Did you know that the body contains 37.2 trillion cells?

I know what came to my mind when I discovered this crazy fact. In other words, I was absolutely mind-blown that our body contains such a gigantic number of individual cells. It’s truly a wonder to consider how these cells are able to work in cooperation and perform the necessary functions that allow for us to survive. Regardless of type, each cell is critical for human function due to different functionalities, allowing for varied capabilities.

To truly understand the importance of a cell, let’s take a look at its cycle.

(Image by Clinical Tools)

The cell cycle is split into four critical sections, each of which allows for a cell to develop itself to perform its necessary functions. These “phases” are G1, S, G2, and M. While G1, S, and G2 are part of a larger subset called interphase, the M stage is entirely separate and thus serves a different purpose for the cell.

The Phases

The G1 Phase: Being one of the initial stages for a cell’s growth, the G1 phase (also called the “Gap 1” phase) is characterized by a cell preparing for DNA replication. Firstly, the cell will grow in size to provide ample space for organelles and to perform DNA synthesis (the S phase) later on. In addition, proteins and RNA will be synthesized within the cell (for it to function) and additional functions such as the development and replication of centromeres will be performed.

Sounds cool, right? Wait ‘till you see the next phase!

The S Phase: During the S phase, DNA replication will be performed within the cell. The primary purpose for this is that when cells divide later on (during mitosis), each newly formed cell will have an identical copy of the same DNA, preventing any problems.

DNA Replication

(Image by Shutterstock)

DNA replication can be split into four major steps:

1.) Replication Fork: To replicate DNA, its natural “double helix” shape will be split into single strands. If you remember from your high school biology teacher (don’t worry if you’re not in high school yet, I’ll help you with this article), this process was commonly called “unzipping” and is done by an enzyme called helicase.

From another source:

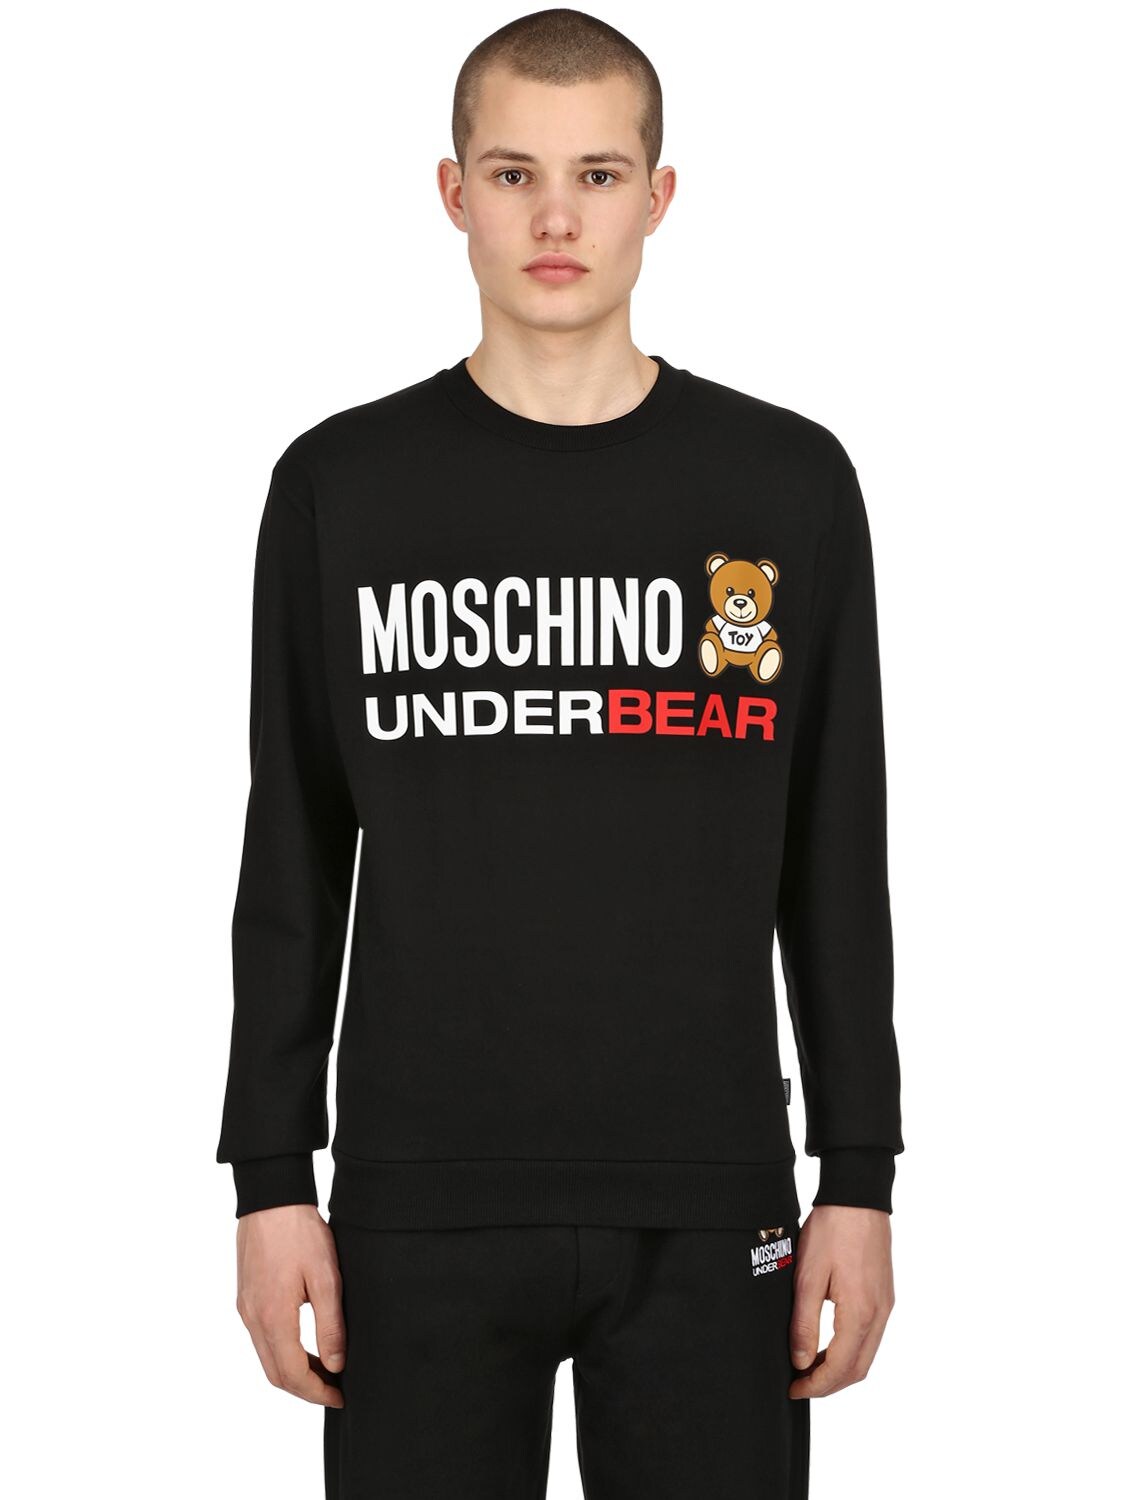 Moschino Underwear Printed Cotton Sweatshirt In Black

As shown in the picture above, helicase will not unzip the entire DNA complex at once, and only does sections at a time; this is why the resulting figure is called the replication fork.

An important thing to note is the direction(s) of the DNA complex during replication. At this point DNA in the replication fork is bi-directional, meaning its two strands will run in opposite directions. While the strand going from 3' to 5' is called the leading strand, the 5' to 3' section is called the lagging strand.

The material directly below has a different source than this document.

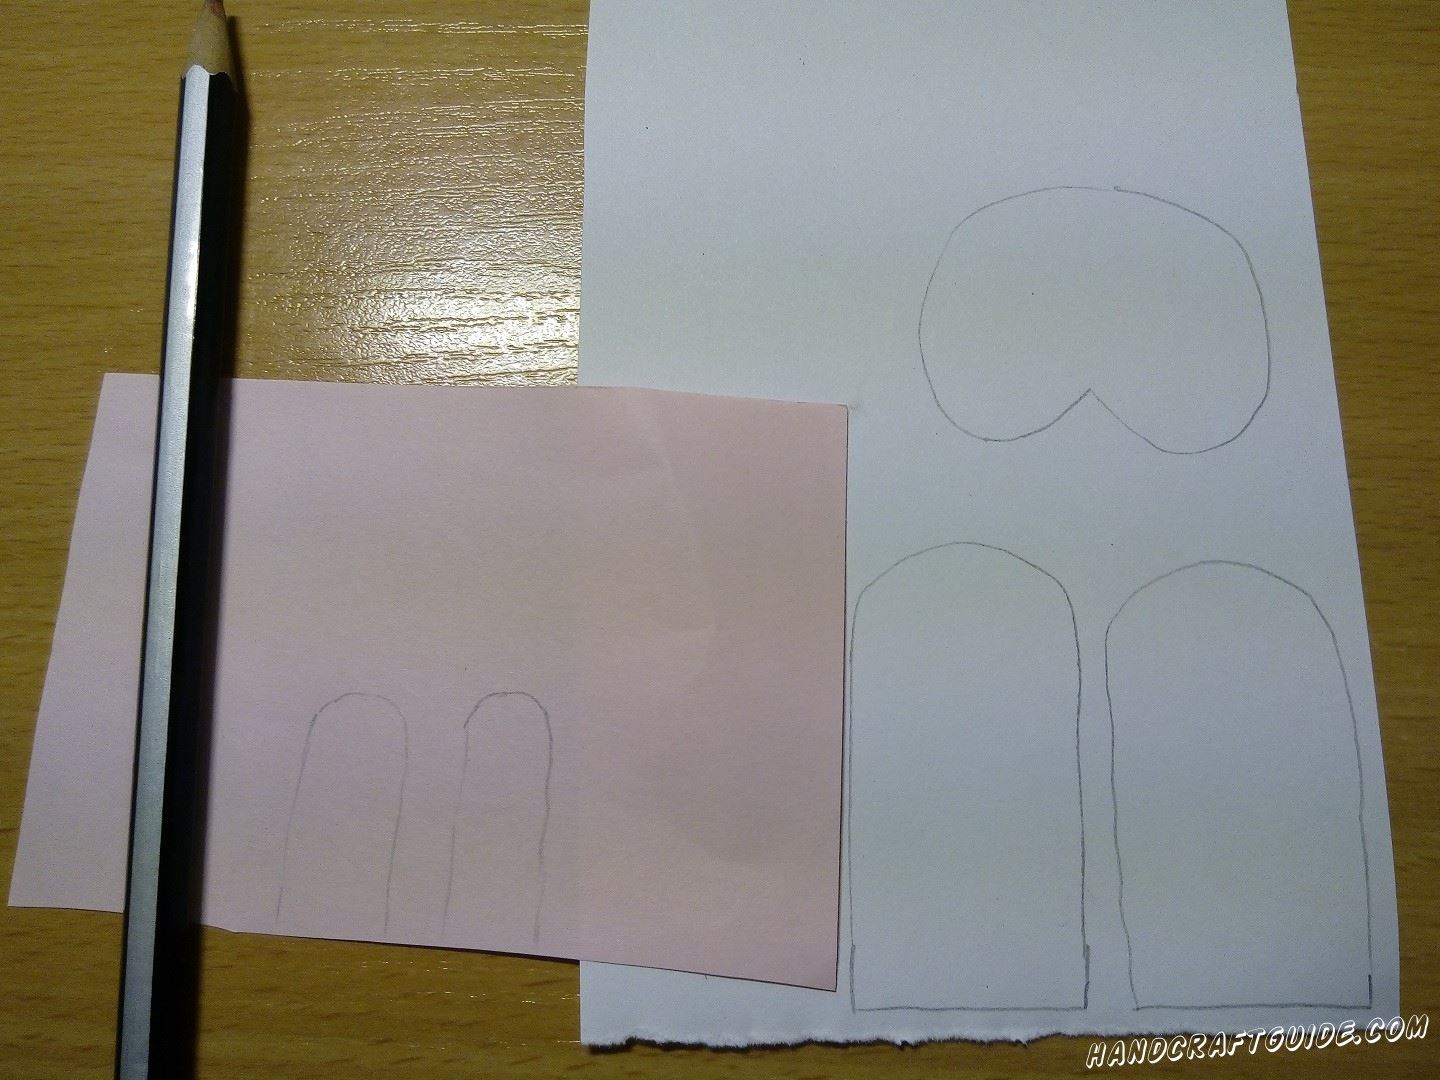 Далее на белой бумаге мы рисуем 2 ушка и подставочку под низ яичка, на которой мы нарисуем лапки . Также рисуем 2 вставочки на ушки из розовой бумаги. Вырезаем нарисованные детали
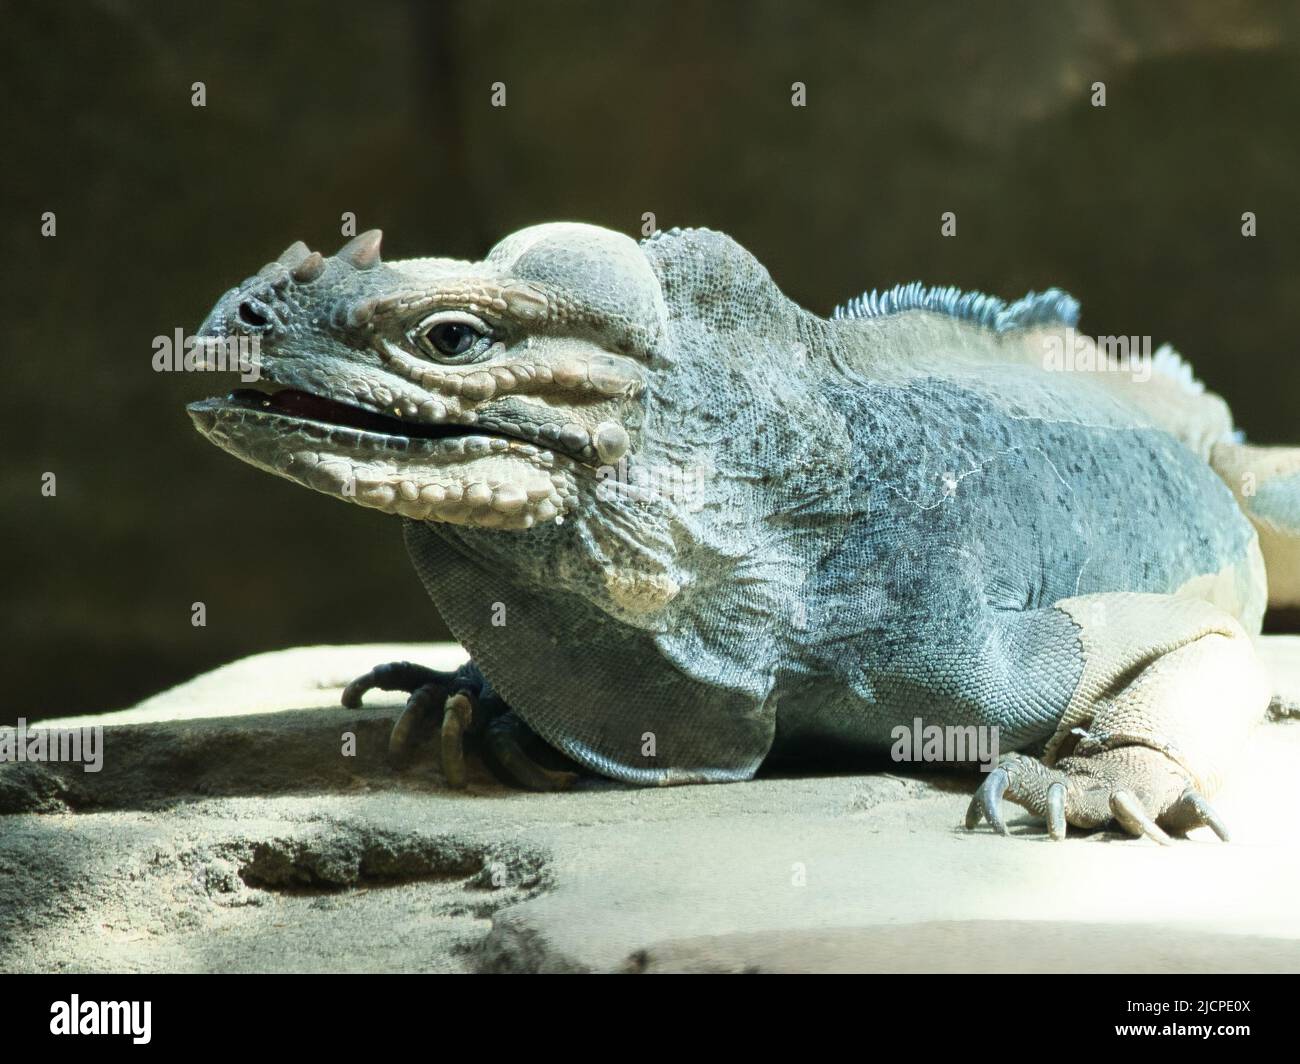 Großes Leguan, das auf einem Stein liegt. Dorniger Kamm und schuppige Haut. Tierfoto eines Reptils Stockfoto

2.) Primase for Replication: From steps 2–4, the actual DNA replication will begin (step 1 is purely for preparation purposes). For the actual replication to begin, there needs to be an indication on the DNA strands of where to begin. Primers (which is made by DNA primase) helps by attaching a small strand of RNA to the 3' ends of each strand, which will kickstart DNA polymerase’s job of replicating each strand.

3.) Elongation: At this point, the DNA complex is split and contains a leading (3' to 5') and a lagging (5' to 3') strand. Replicating the leading strand is extremely easy and is done with DNA polymerase, which will replicate each strand by adding complementary base pairs (A-G and C-T) to the strand. At this point, you might be thinking: if DNA polymerase only replicates from 3' to 5', how does it replicate the lagging strand? That’s the perfect question to ask, because DNA polymerase has a little trick up its sleeve.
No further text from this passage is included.